Старушки Свиридову тоже не любили. Всем-всем, кроме нее самой, было видно, что она, мыша серая, великому поэту не пара. Старушки были интеллигентные, почти антикварные. И поэзия интересовала их столь же остро и проникновенно, как новая серия уже появившихся мексиканских сериалов.
Когда муж уехал за бугор – на этот раз с контрактом на лекции о русской поэзии, – Свиридова почему-то не поверила. Приходила туда, где все еще как будто жила. Еще и еще. Но ключ больше не подходил к замку. Коммунальная квартира оказалась расселенной и превратилась в дом, где жила новая, нарядная, будто сфотографированная лично Свиридовой для глянцевого журнала, семья.

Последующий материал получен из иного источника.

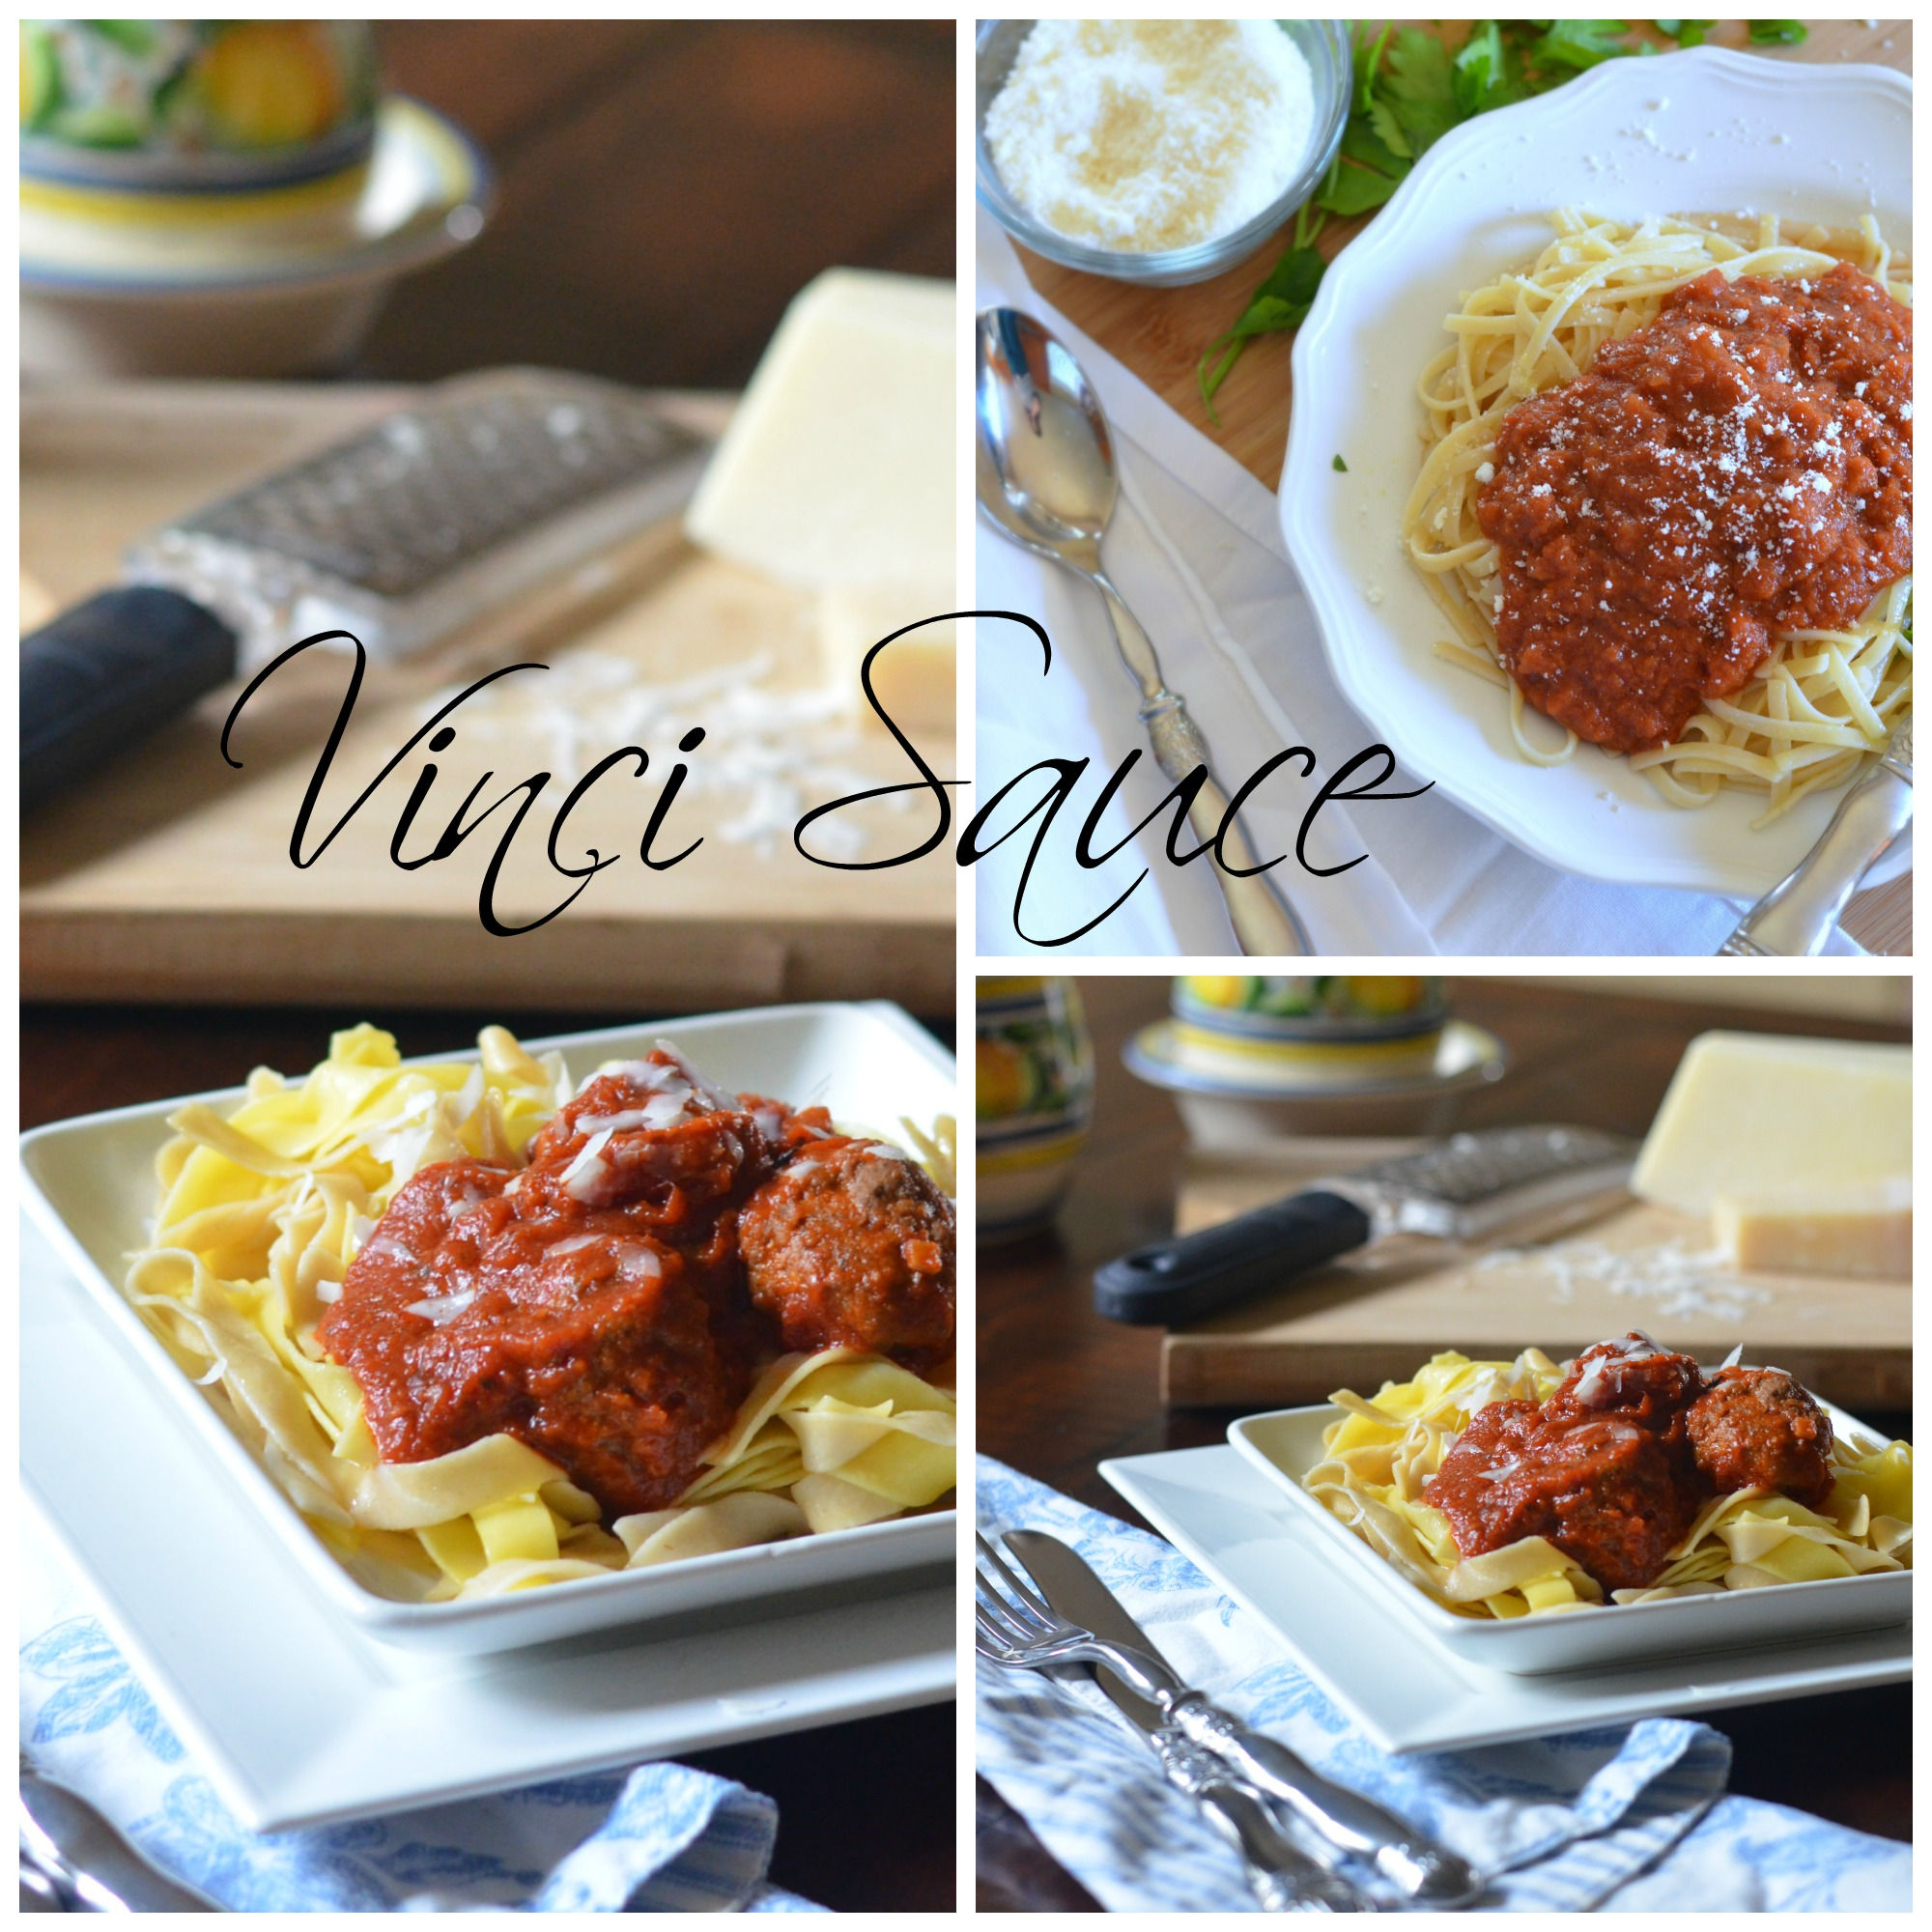 Vinci tomato sauce and meatballs collage

Свиридова тогда была уже модной. У нее вдруг обнаружился стиль, а фотографии ее, даже если она снимала кошек, мебель и коллекции вечерних платьев, называли «исполненными уместного катарсиса». Кошкам, впрочем, было на это наплевать. А Свиридова не понимала, как катарсис может быть уместным или не уместным. Но спросить ей об этом было не у кого.
Когда муж уехал, Свиридова купила квартиру и почти отдала долг кредитору, которого не убили. Не убили до такой степени, что он, по Маруськиному выражению, умудрялся подбивать к ней клинья.
Чтобы не пугать Маруську пустой квартирой, где были только стены, печка, сантехника и телефон, Свиридова отправила ее на Мальту – учить английский язык. Маруська согласилась с условием, что там, на Мальте, она должна потренироваться в кого-нибудь влюбиться: «Этот опыт я потом передам тебе».
В новой пустой квартире Свиридова делала то же, что когда-то в ателье. Теперь уже, правда, ателье превратилось в галерею. Ненужную пока ни для чего, кроме новых модных презентаций, где принято было пить, есть и планировать проекты поворота политических рек, которые вообще никогда не воплощались в жизнь.
В новой квартире Свиридова снова слушала улицу. Теперь уже не шаги и троллейбусы, а такси, хлопающие дверцы, звуки домофона, остановки лифтов, шаги по коридорам верхних и нижних этажей.
Потом она сняла трубку и сказала в нее: «Лена». Про холодно уже ничего. К ней уже пришло тренированное светское, отвергавшее слабости и просьбы. Она не говорила «мне холодно» еще и потому, что могла купить себе мальчика по вызову. Но мальчикам по вызову она предпочитала транквилизаторы. У них были разные имена и способы действия. С кем-то хорошо работалось, с другими – спалось. Некоторые умудрялись нашептывать, что в жизни ее теперешней все есть. И все у нее как было. И даже лучше: муж, любовь, стихи, Маруська.
Таблетки ее были дружелюбными, не злоупотреблявшими ею, подконтрольными хорошему врачу. Они почти никогда не предавали. Только в крайних случаях. В тех крайних случаях, когда приходил озноб…
Она сказала: «Лена», – и назвала свой новый адрес. И он, уже не фантом, но человек с фамилией, зато без имени, как сама Свиридова, снова приехал с матрасом и обогревателем, хотя на дворе, на той улице, что не приносила ей ожидаемых шагов, стояла страшная жара.
– На левом боку? – спросил Телегин. – Или уже на правом?